He lapsed into dismayed slience. There seemed no way out of their predicament, he refleced gloomily. He saw no way of escape, and Conyn seemed to be concerned only with his supple waist and curly tresses. If she was trying to formulate a plan of escape she did not show it.

"If you'll take your hands off me long enough to climb up on that peak," he said presently, "you'll see something that will surprise you."

She cast his a questioning glance, then obeyed with a shrug of her massive shoulders. Clinging to the spirelike pinnacle, she stared out over the forest roof.

She stood a long moment in silence, posed like a bronze statue on the rock.

"It's a walled city, right enough," she muttered presently. "Was that where you were going, when you tried to send me off alone to the coast?"

"I saw it before you came. I knew nothing of it when I left Sukhmet."

"Who'd have thought to find a city here? I don't believe the Stygians ever penetrated this far. Could black people build a city like that? I see no herds on the plain, no signs of cultivation, or people moving about."

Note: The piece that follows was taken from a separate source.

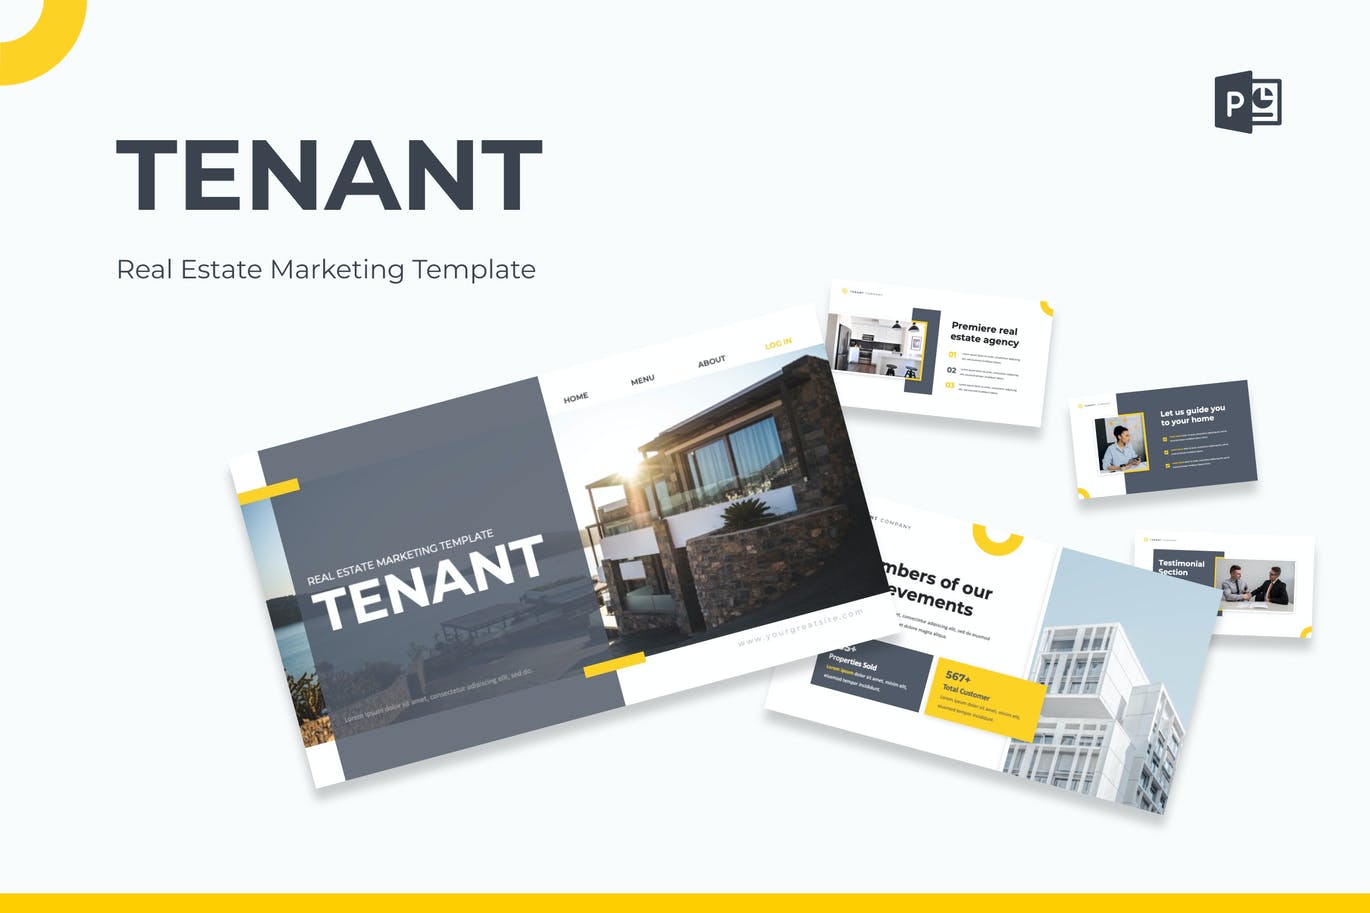 房地产营销PPT设计模板 Tenant – Real Estate Marketing Powerpoint 幻灯图表 第1张

"How can you hope to see all that, at this distance?" he demanded.

She shrugged her shoulders and dropped down on the shelf.

"Well, the folk of the city can't help us just now. And they might not, if they could. The people of the Black Countries are generally hostile to strangers. Probably stick us full of spears--"

She stopped short and stood silent, as if she had forgotten what she was saying, frowining down at the crimson spheres gleaming among the leaves.

"Spears!" she muttered. "What a blasted fool I am not to have thought of that before! That shows what a pretty man does to a woman's mind."

"What are you talking about?" he inquired.

Without answering his question, she descended to the belt of leaves and looked down through them. The great brute squatted below, watching the crag with the frightful patience of the reptile folk. So might one of her breed have glared up at their troglodyte ancestors, treed on a high-flung rock, in the dim dawn ages. Conyn cursed her without heat, and began cutting branches, reaching out and severing them as far from the end as she could reach. The agitation of the leaves made the monster restless. She rose from her haunches and lashed her hideous tail, snapping off saplings as if they had been toothpicks. Conyn watched her warily from the corner of her eye, and just as Valerian believed the dragon was about to hurl herself up the crag again, the Cimmerian drew back and climbed up to the ledge with the branches she had cut. There were three of these, slender shafts about seven feet long, but not larger than her thumb. She had also cut several strands of tough, thin vine.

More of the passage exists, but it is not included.